BE: What was your office like at Atari when you were a game designer there?

CS: I shared an office with a guy named Ian. I've forgotten his last name. And then we had lab space. The offices had windows, and the lab was in the middle of the building, so you'd work on — at some point, we got a Tandem computer where we could type in the programs.

So you'd work on writing your code, and then you'd go in the lab and test it out on the test system and debug it, and so on. And we had 8-inch floppies that we had the programs on.

BE: Did you have a terminal in your office, or was it a full-blown computer?

CS: I got a terminal that connected to the Tandem mainframe. I'm not sure if we had that when I first started, but eventually we had a terminal. So no personal computers or anything.
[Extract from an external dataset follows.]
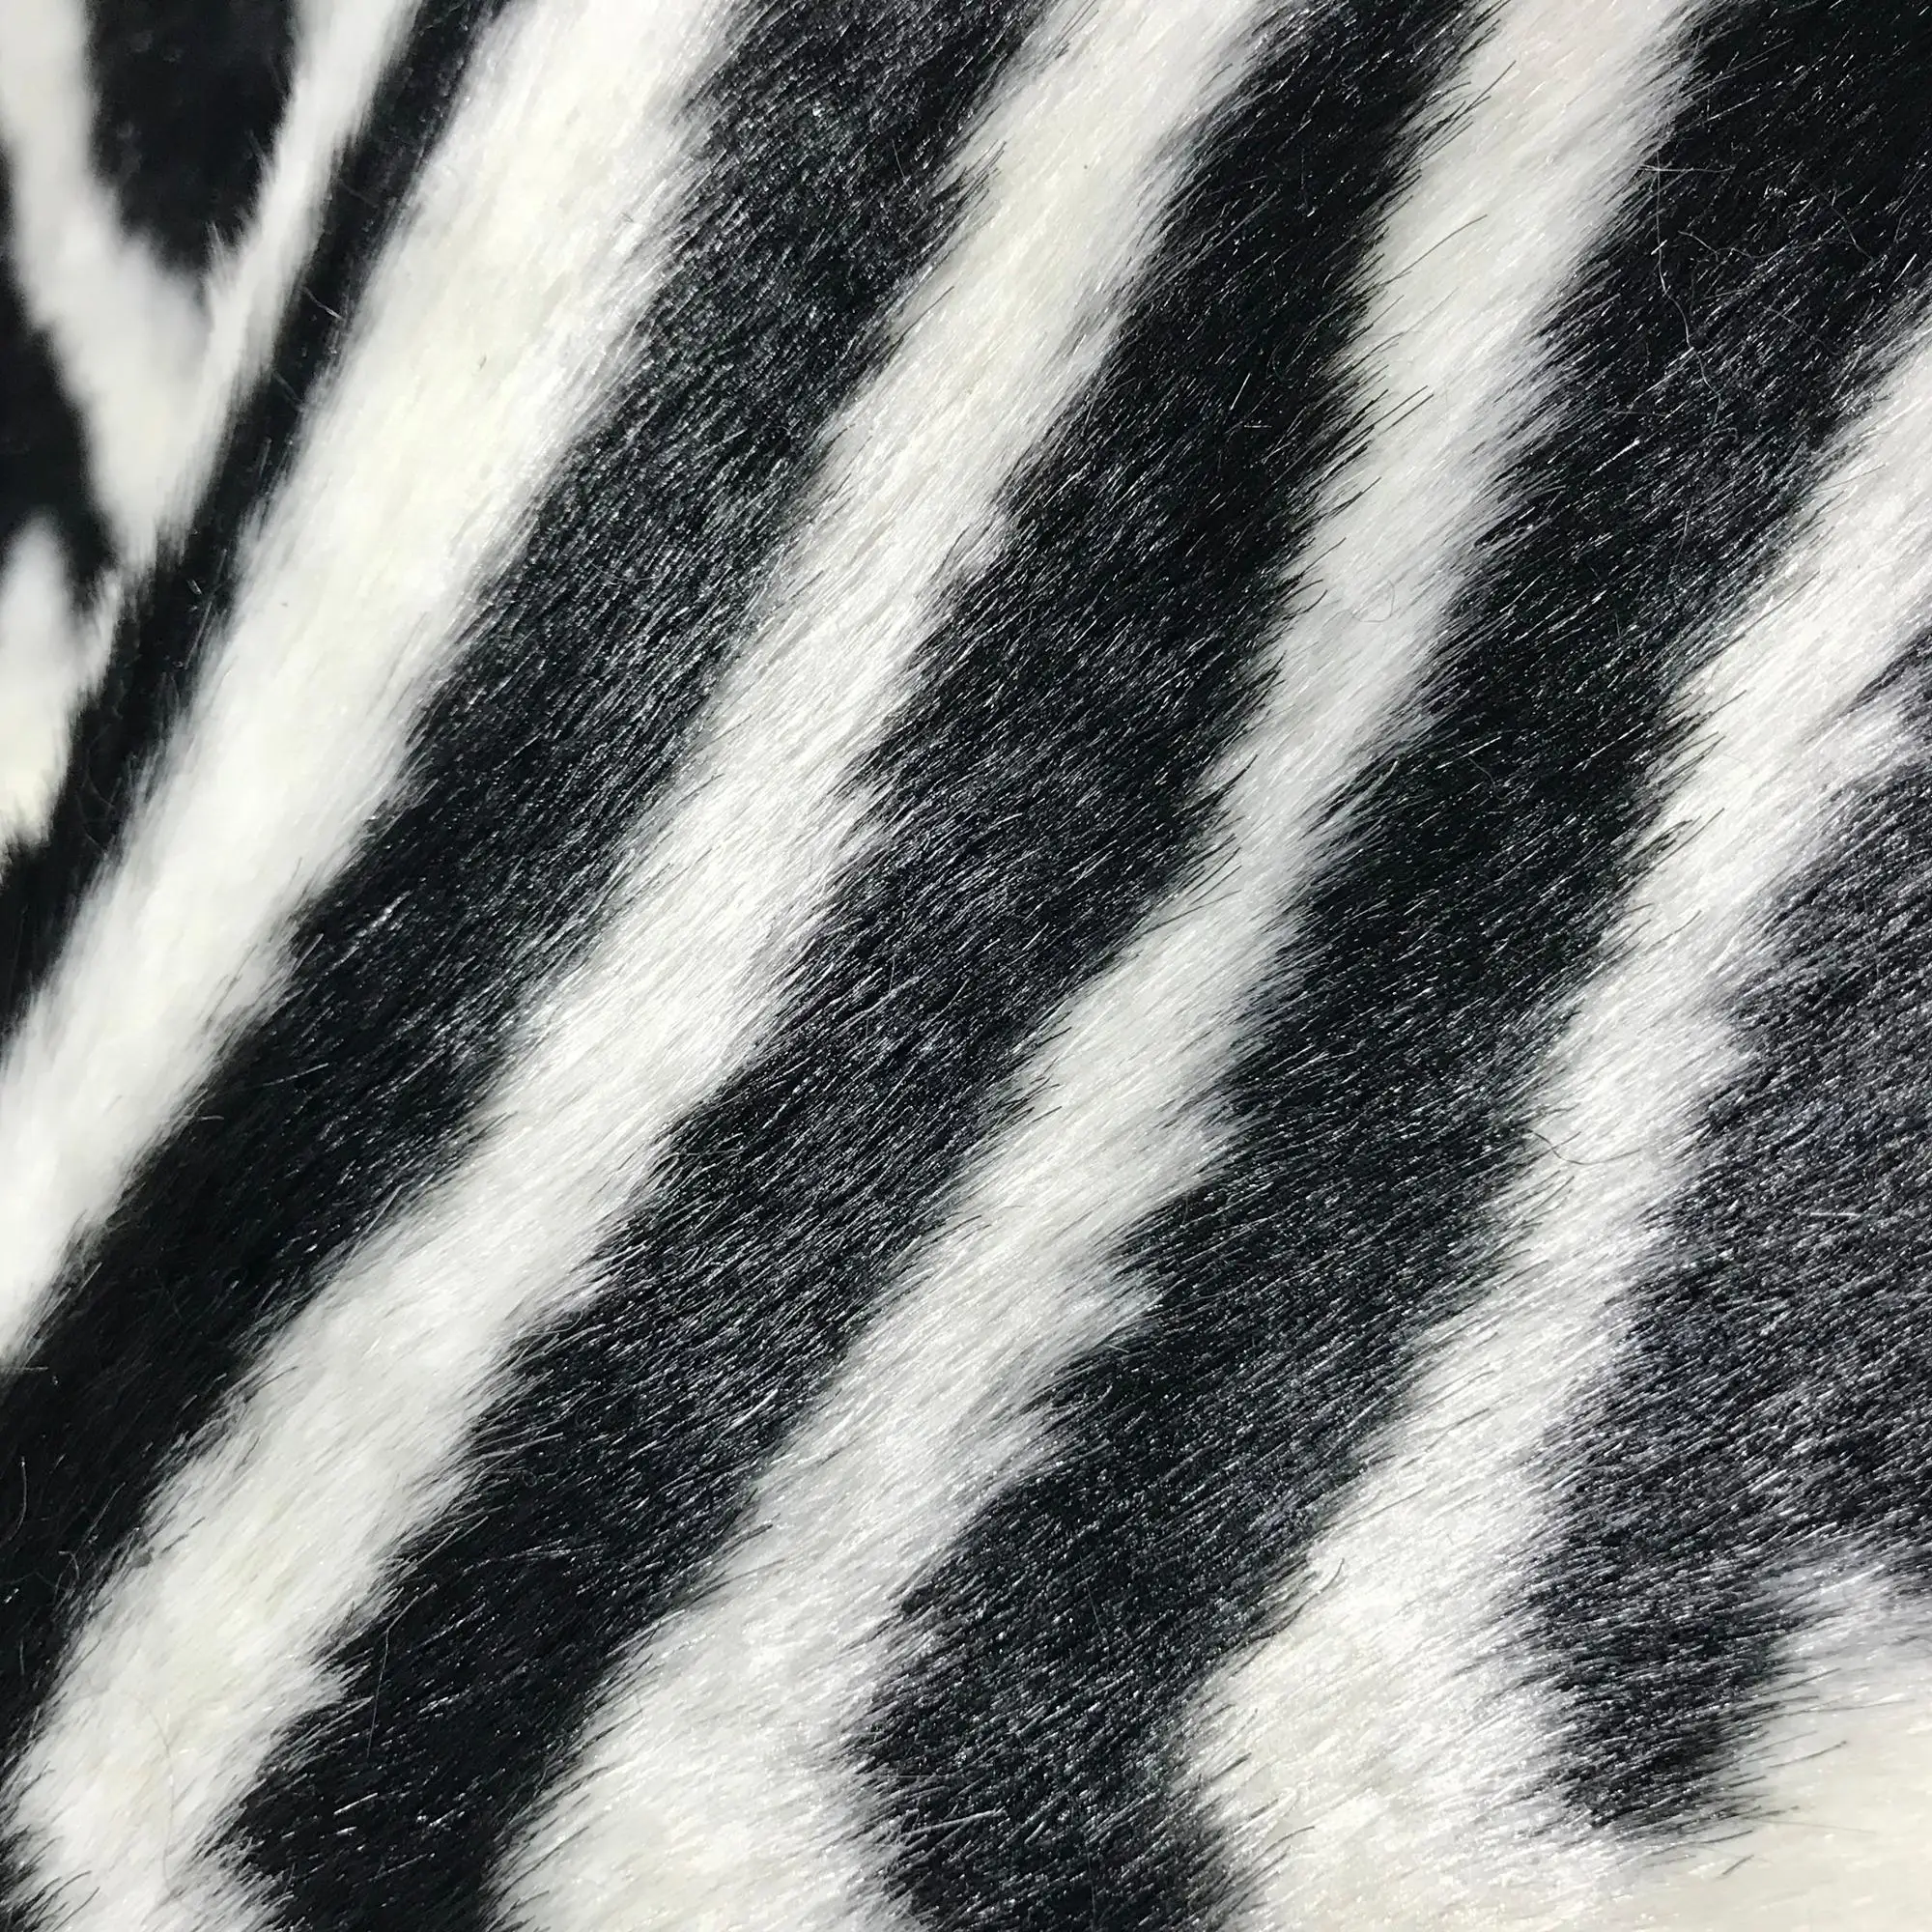 furry zebra rug

BE: How many test machines did you have in the lab?

CS: There were quite a few. I don't remember exactly.

BE: Would they load the program off the disk, or did you have to put the game on an EPROM first?
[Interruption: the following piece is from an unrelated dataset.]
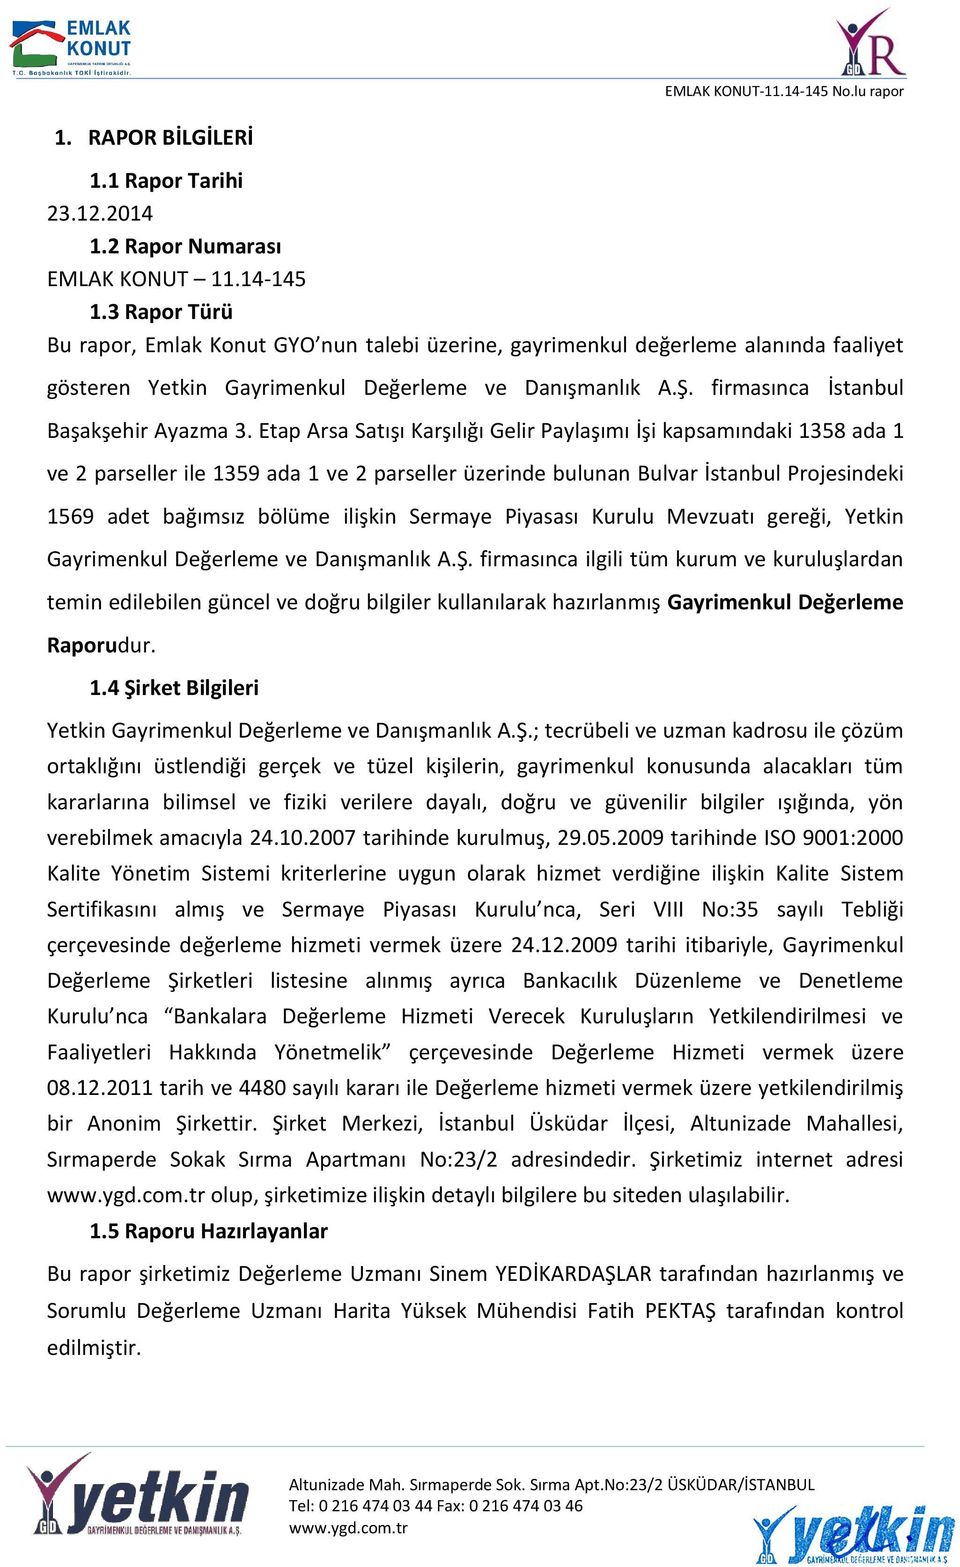 Etap Arsa Satışı Karşılığı Gelir Paylaşımı İşi kapsamındaki 1358 ada 1 ve 2 parseller ile 1359 ada 1 ve 2 parseller üzerinde bulunan Bulvar İstanbul Projesindeki 1569 adet bağımsız bölüme ilişkin

CS: No, we didn't have to put it on an EPROM. We had some sort of home grown development system where you'd load from the 8-inch floppy disk and download it into this development system that had a terminal that you could debug on.

You didn't have to burn a ROM every time you tested something. You'd just use this development system they had. It had a television set to display it on, and you could modify your program. You could directly hand assemble minor changes without having to reassemble the whole thing if you just wanted to test out some small change.